Türkiye’de organize sanayi bölgeleri, Avrupa Yeşil Mutabakatı’nın gereklilikleri ve küresel rekabetin çevresel boyuta taşınmasıyla birlikte “yeşil dönüşüm” adımlarını hızlandırıyor. Türk Standardları Enstitüsü (TSE) tarafından verilen Yeşil Organize Sanayi Bölgesi (OSB) Sertifikası’nı alan bölge sayısı kısa sürede 27’ye ulaştı.

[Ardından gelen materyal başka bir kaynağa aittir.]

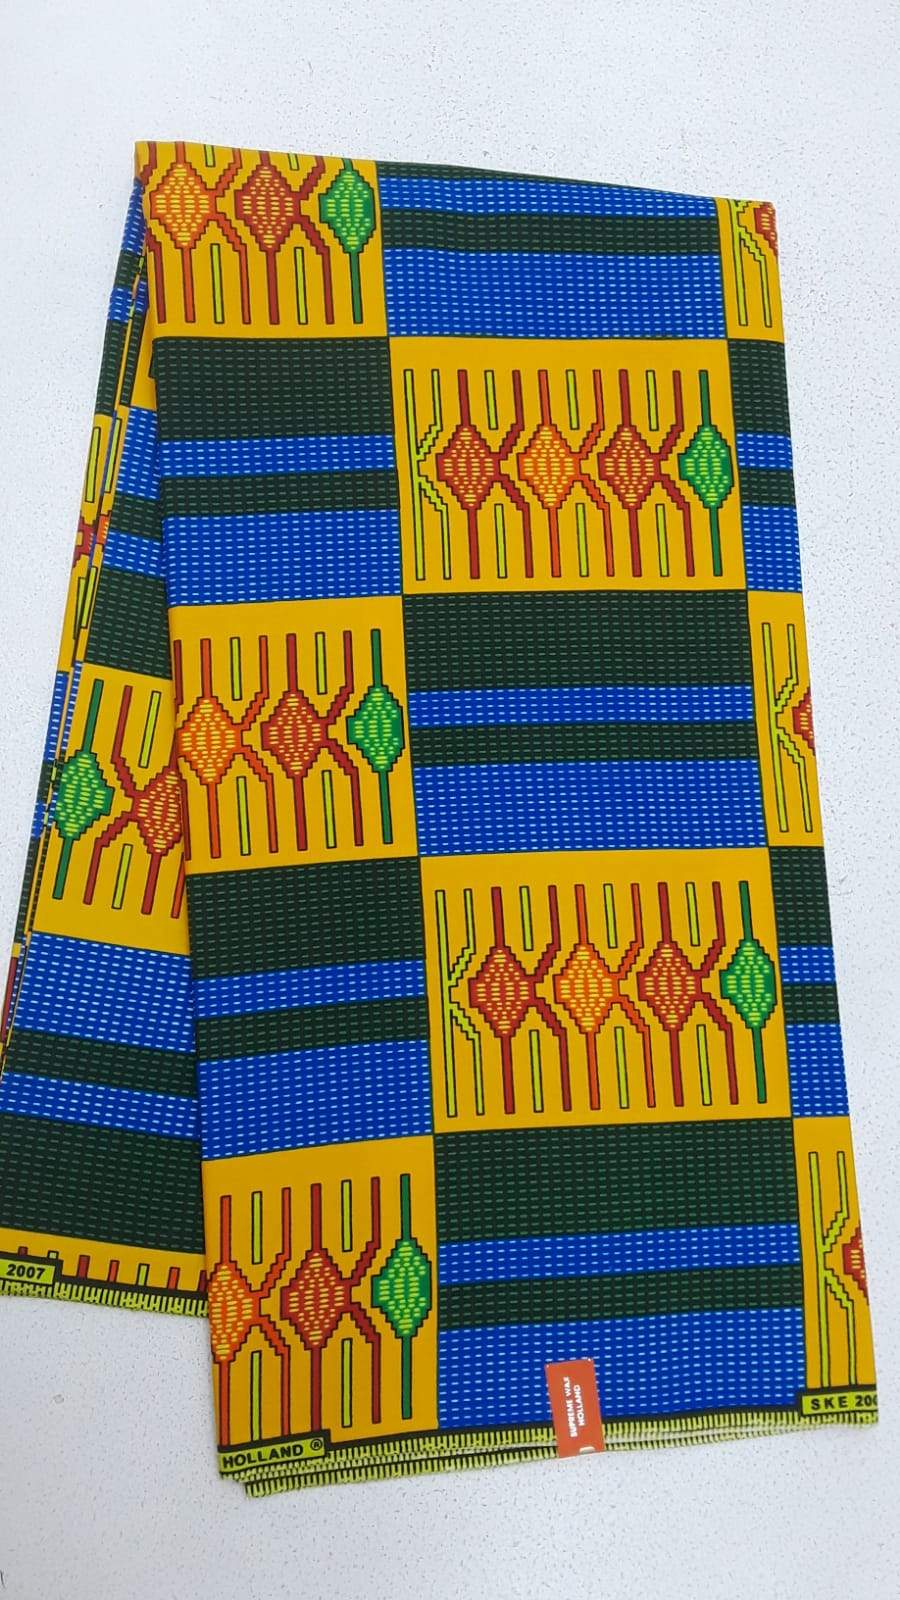 Yellow & Blue Body Unique Designed Original Kente Fabrics

Sanayi bölgeleri, çevre dostu üretim modeline uyum sağlamak amacıyla yenilenebilir enerji yatırımları, etkin su yönetimi uygulamaları ve atık azaltımına yönelik projelere ağırlık veriyor. Yeşil OSB modeli; enerji ve kaynak verimliliği, çevre dostu ulaşım, sürdürülebilir altyapı, su tasarrufu ve atık yönetimi gibi kriterleri kapsayan yeni bir üretim yaklaşımı olarak öne çıkıyor.

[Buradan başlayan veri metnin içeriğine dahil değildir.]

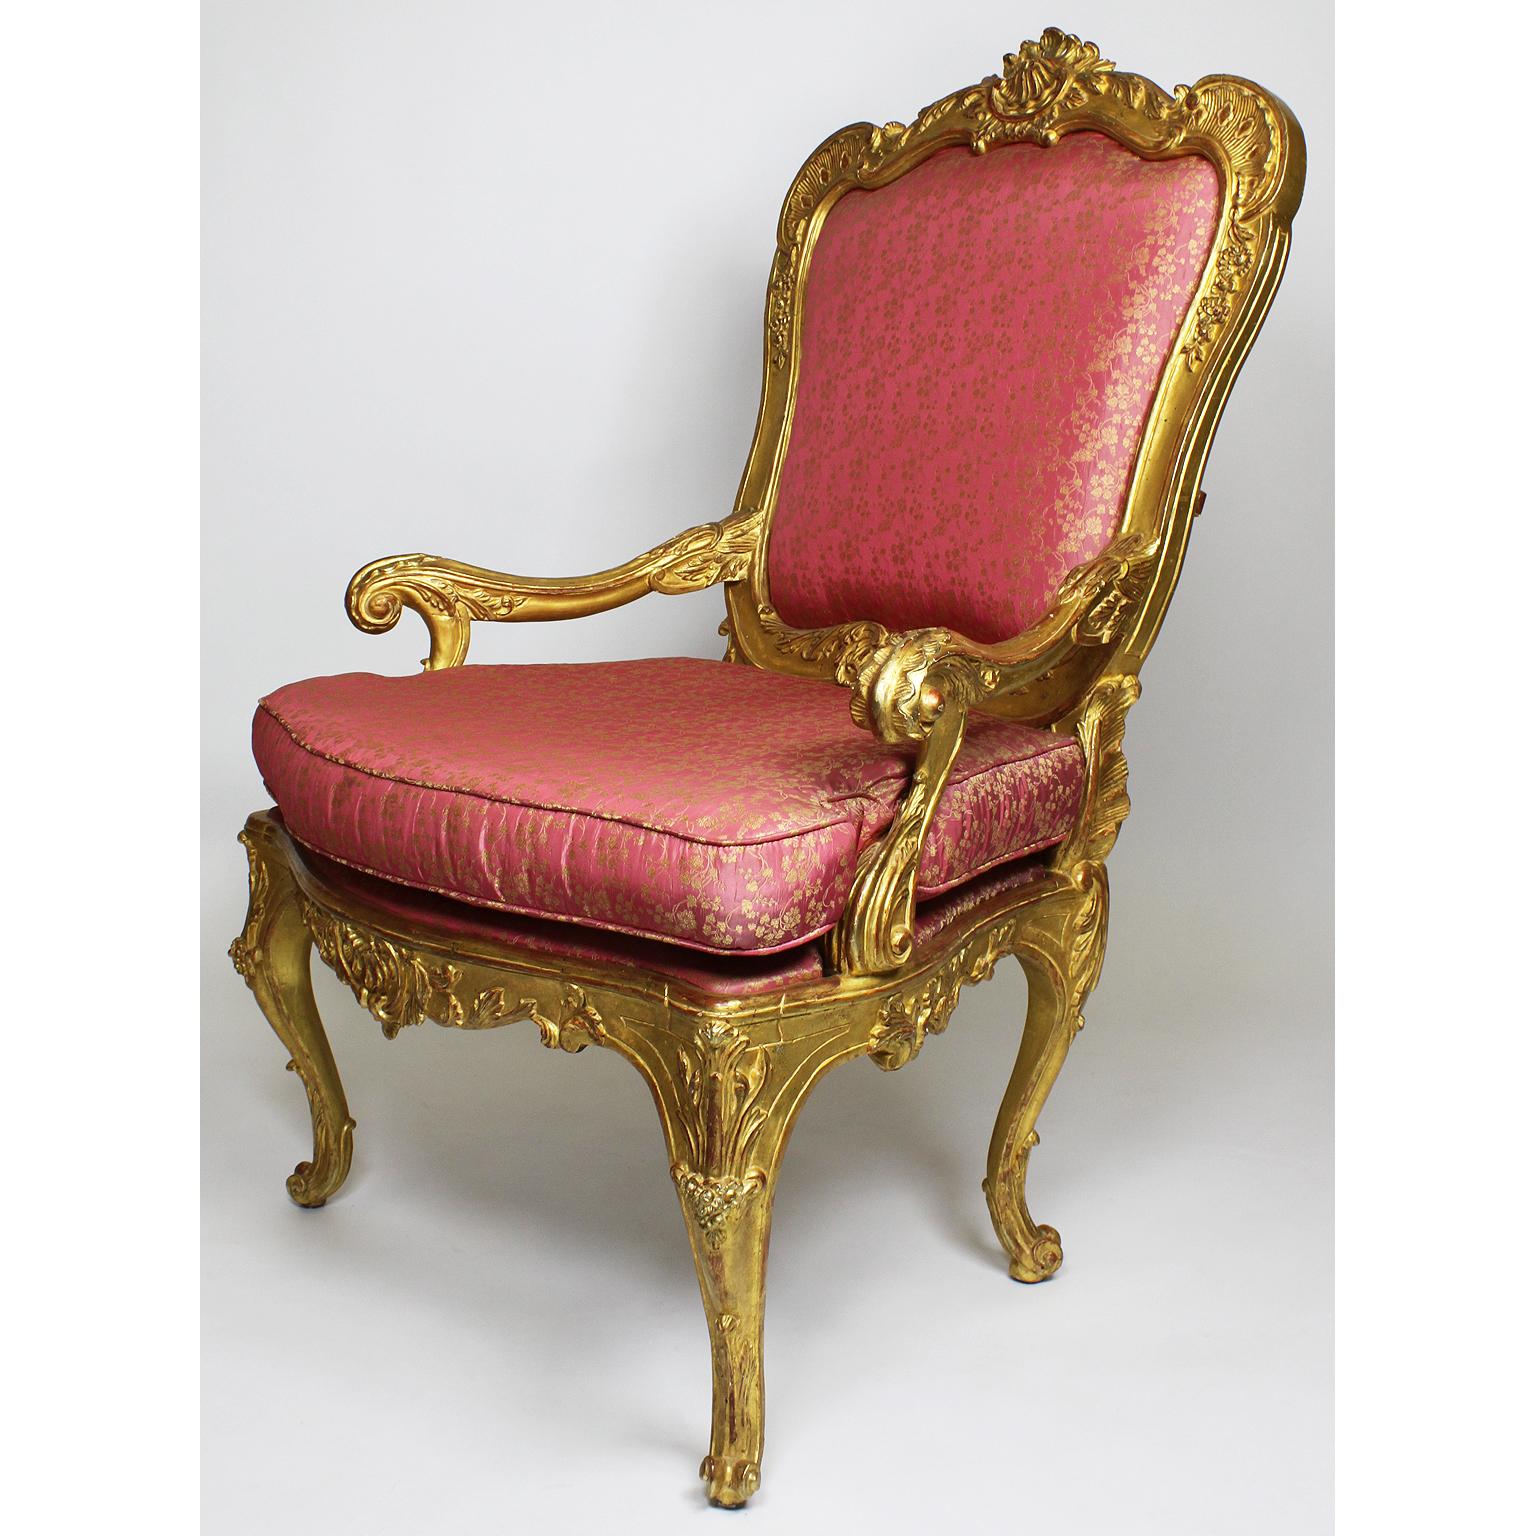 Paire de fauteuils trône en bois doré de style rococo vénitien italien. Les cadres ornementalement sculptés avec de larges accoudoirs ouverts et enroulés, un dossier rembourré couronné d'un cimier en coquille sculpté en bois doré et de motifs

Dünya genelinde artan sürdürülebilir üretim talebi, işletmelerin hem çevresel etkilerini azaltmasını hem de rekabet gücünü korumasını zorunlu hale getiriyor. Avrupa pazarı açısından ise Avrupa Yeşil Mutabakatı (AYM) ve Sınırda Karbon Düzenleme Mekanizması (SKDM), düşük karbonlu üretimi artık bir tercih değil gereklilik konumuna getiriyor. Bu durum, OSB’leri çevresel sürdürülebilirlik, finansal avantajlar ve kurumsal itibar açısından daha stratejik kararlar almaya yönlendiriyor.
27 OSB Sertifika Almaya Hak Kazandı
Yeşil sertifika almak isteyen OSB’ler, teknik altyapıdan enerji verimliliği yatırımlarına, atık su arıtmadan yenilenebilir enerji kullanımına kadar birçok alanda projeler yürütüyor. Hedef ise hem çevresel performansı yükseltmek hem de bölge içindeki firmaların uluslararası pazarlarda daha güçlü bir konuma gelmesini sağlamak.
TSE, sürdürülebilirlik kriterlerini karşılayan ve gerekli hazırlıklarını tamamlayan organize sanayi bölgelerine Yeşil OSB Sertifikası veriyor. Bugün itibarıyla Türkiye genelinde 27 OSB bu sertifikaya hak kazanmış durumda. Sanayi bölgelerinin yeşil dönüşüm projelerine yönelik çalışmaları ise hız kesmeden devam ediyor.